Crise em torno da eleição do novo presidente reacende disputa sobre influências da Europa e do Oriente Médio no país

Para analista, batalha é forma de mostrar aos muçulmanos "que é possível ser rico e livre e, ainda assim, muçulmano"

CLÓVIS ROSSI
ENVIADO ESPECIAL A PARIS

A crise em torno da eleição (pelo Parlamento) do novo presidente da Turquia retirou o véu de uma velha disputa pela alma turca entre o Ocidente e o Oriente, entre a Europa e o Oriente Médio.
Ou, posto de outra forma, é uma batalha para "persuadir 1,5 bilhão de muçulmanos, no mundo todo, de que podem ser ricos e livres e, ainda assim, permanecer muçulmanos. A Turquia seria a melhor demonstração prática dessa possibilidade", como disse à Folha o analista de assuntos internacionais Grenville Byford.
Ou ainda, como prefere Suat Kiniklioglu, diretor em Ancara do "German Marshall Fund" dos EUA, "não se trata de islã x secularismo, mas de uma elite nacionalista que olha para dentro versus um grande segmento da sociedade que quer gozar de uma democracia saudável".
Decodificando os termos:
1 - A Turquia é, desde Kemal Ataturk, fundador da Turquia moderno, um país secular, de maioria muçulmana, mas pró-ocidental e com um razoável teor de democracia, crescente ao longo dos anos, após livrar-se da praga de golpes militares.
2 - É governada hoje por um partido (AKP, Partido do Desenvolvimento e da Justiça) moderadamente islamita, que controla o Parlamento, mas não a Presidência.
3 - O presidente é eleito indiretamente e o primeiro-ministro, Recep Tayyip Erdogan, indicou para o cargo seu chanceler, o também moderado islamita Abdulá Gül.
4 - Gül não conseguiu os votos necessários no primeiro turno, a Justiça declarou o processo inválido, por falta de quórum, e o Exército entrou em campo para advertir que deixar o governo e a Presidência nas mãos de islamitas ameaçava o laicismo de que as Forças Armadas se dizem guardiãs.
Conseqüência do impasse: convocação de eleições parlamentares para 22 de junho, quando deveriam ser apenas em novembro, como forma de relegitimar o novo governo -e, por extensão, quem vier a ser apontado para a Presidência.

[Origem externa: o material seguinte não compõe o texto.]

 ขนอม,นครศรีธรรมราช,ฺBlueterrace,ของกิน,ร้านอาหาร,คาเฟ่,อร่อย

Resolve o impasse? À primeira vista, não, porque o AKP deve renovar, talvez aumentar, sua maioria. "Ficarei chocado se eles não vencerem a próxima eleição", diz Byford.

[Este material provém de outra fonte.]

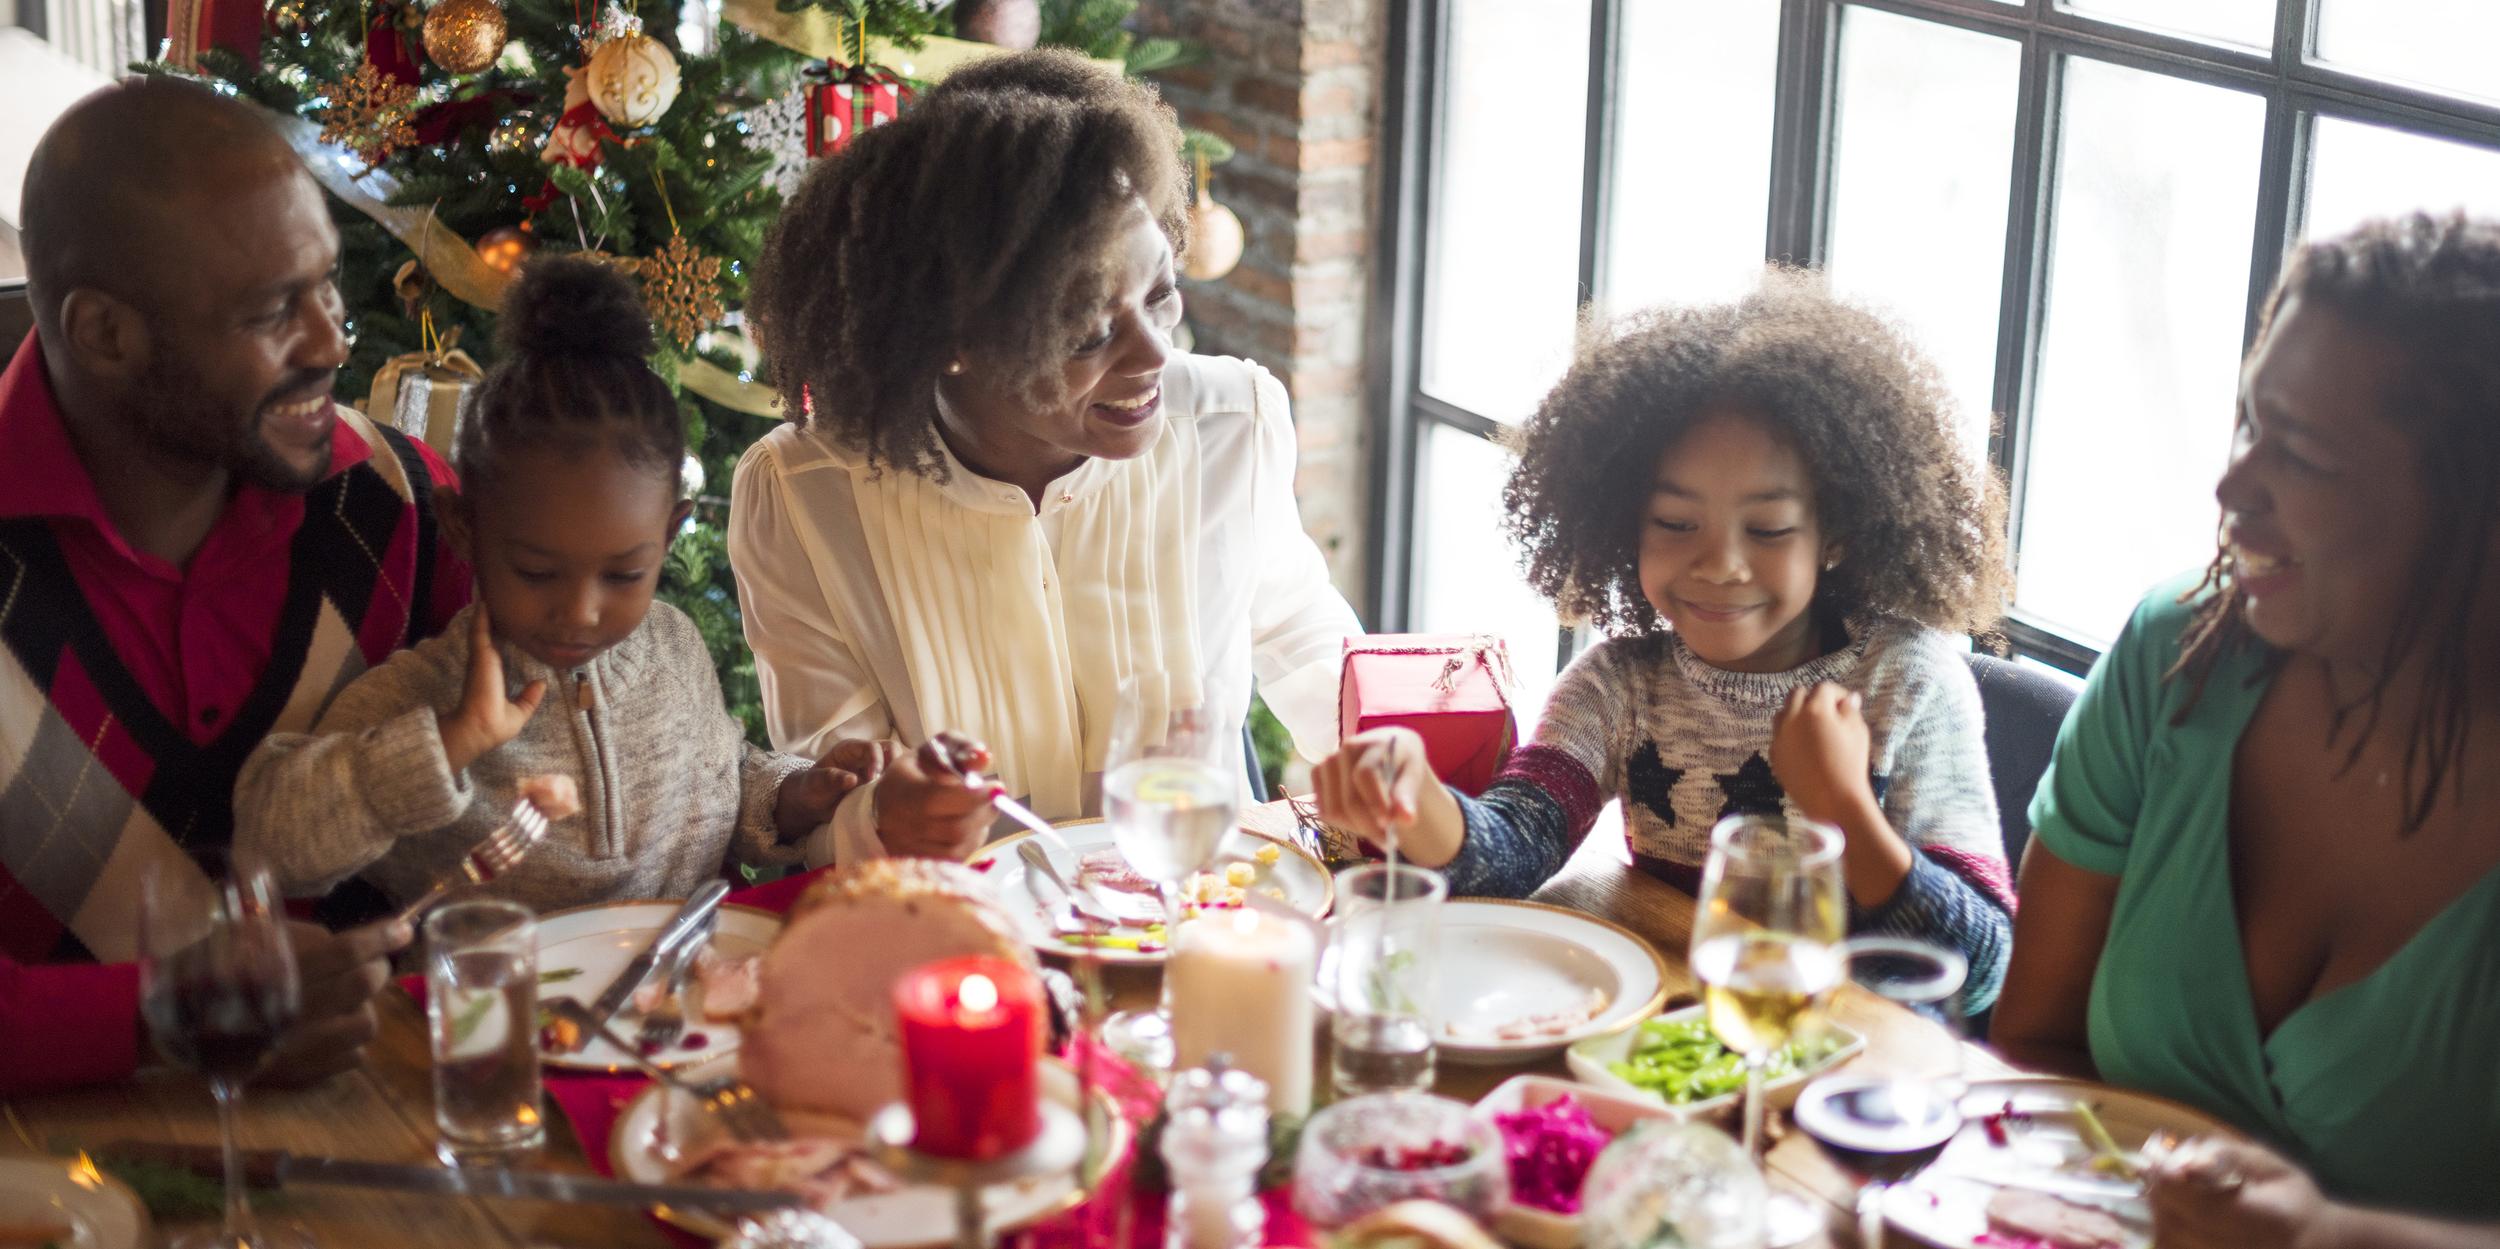 Design Thinking Human Centered Design Family Dinner

A previsão do especialista faz sentido: o modelo eleitoral turco impede que obtenham cadeiras no Congresso partidos que fiquem com menos de 10% dos votos, na média nacional. Seus postos cabem aos partidos que superem a barreira. Com isso, o AKP ficou com mais de 60% das cadeiras na Assembléia Nacional, apesar de ter tido apenas 34 % dos votos.
Como a fragmentação dos partidos laicos e oposicionistas se manteve, o razoável é supor que o AKP manterá sólido controle do Congresso.

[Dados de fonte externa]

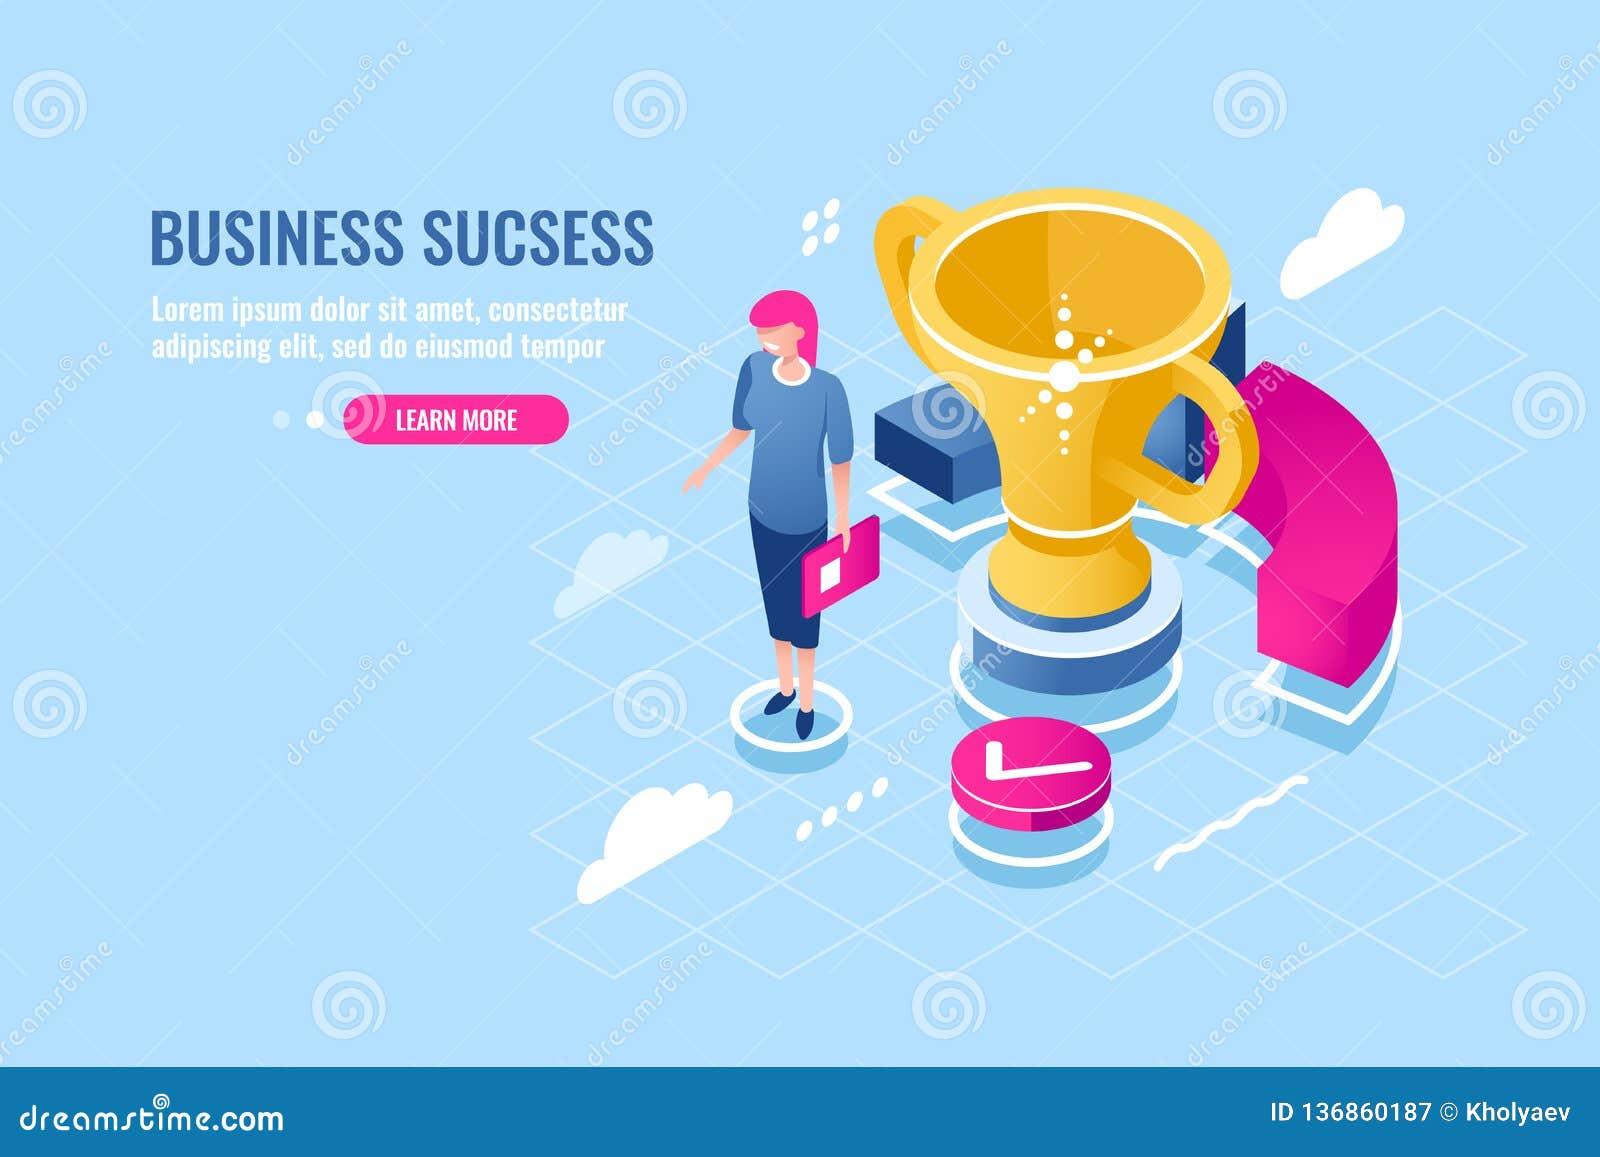 Diretor empresarial bem sucedido, realização do objetivo, mulheres do sucesso, concessão merecida, moça com copo dourado, finança

Pergunta seguinte inevitável: o partido e seus dois principais líderes (Erdogan e Gül) são islamitas moderados e pró-ocidentais ou têm uma "agenda islamita secreta", conforme se especula na própria Turquia?
A maioria dos especialistas aposta firme e confiante na primeira hipótese. Morton I. Abramowitz, ex-embaixador norte-americano na Turquia, em recente depoimento para o Council on Foreign Relations, disse que Gül é estimado nos círculos ocidentais, como "um político conciliador", e decretou: "Está fora de questão que a Turquia se transforme em um Estado extremista".
Reforça Kiniklioglu, do German Marshall Fund: "Essas pessoas não são islamitas. São democratas muçulmanos ou democratas conservadores ou pós-islamitas, o que você quiser, menos islamitas".
Opinião radicalmente inversa tem, no entanto, Soner Cagaptay, pesquisador do Programa de Pesquisas sobre a Turquia do Instituto de Washington para a Política do Oriente Próximo. "As vitórias do AKP nas eleições de 2007 [presidencial e legislativa] dariam ao partido total controle do Executivo e do Legislativo, assim como a capacidade de influenciar o Judiciário e a mídia. Dessa forma, não é um exagero dizer que a Turquia pareceria um país de partido único e que o futuro da democracia turca está em jogo em 2007."
Tudo o que o Ocidente não quer é ver em risco a democracia turca, o que mataria automaticamente as chances de o país tornar-se em algum remoto e incerto futuro membro da União Européia. Por extensão, aproximaria a Turquia de seus vizinhos do Oriente Médio, risco já antevisto por Cagaptay:
"O governo do AKP, no poder desde 2002, minou, desde então, a orientação tradicionalmente pró-ocidental da política externa turca". Se corretas as sombrias previsões, fechar-se-ia o círculo apontado por Byford: a Turquia poderia continuar sendo muçulmana, mas livre e rica, pelos critérios ocidentais, certamente não.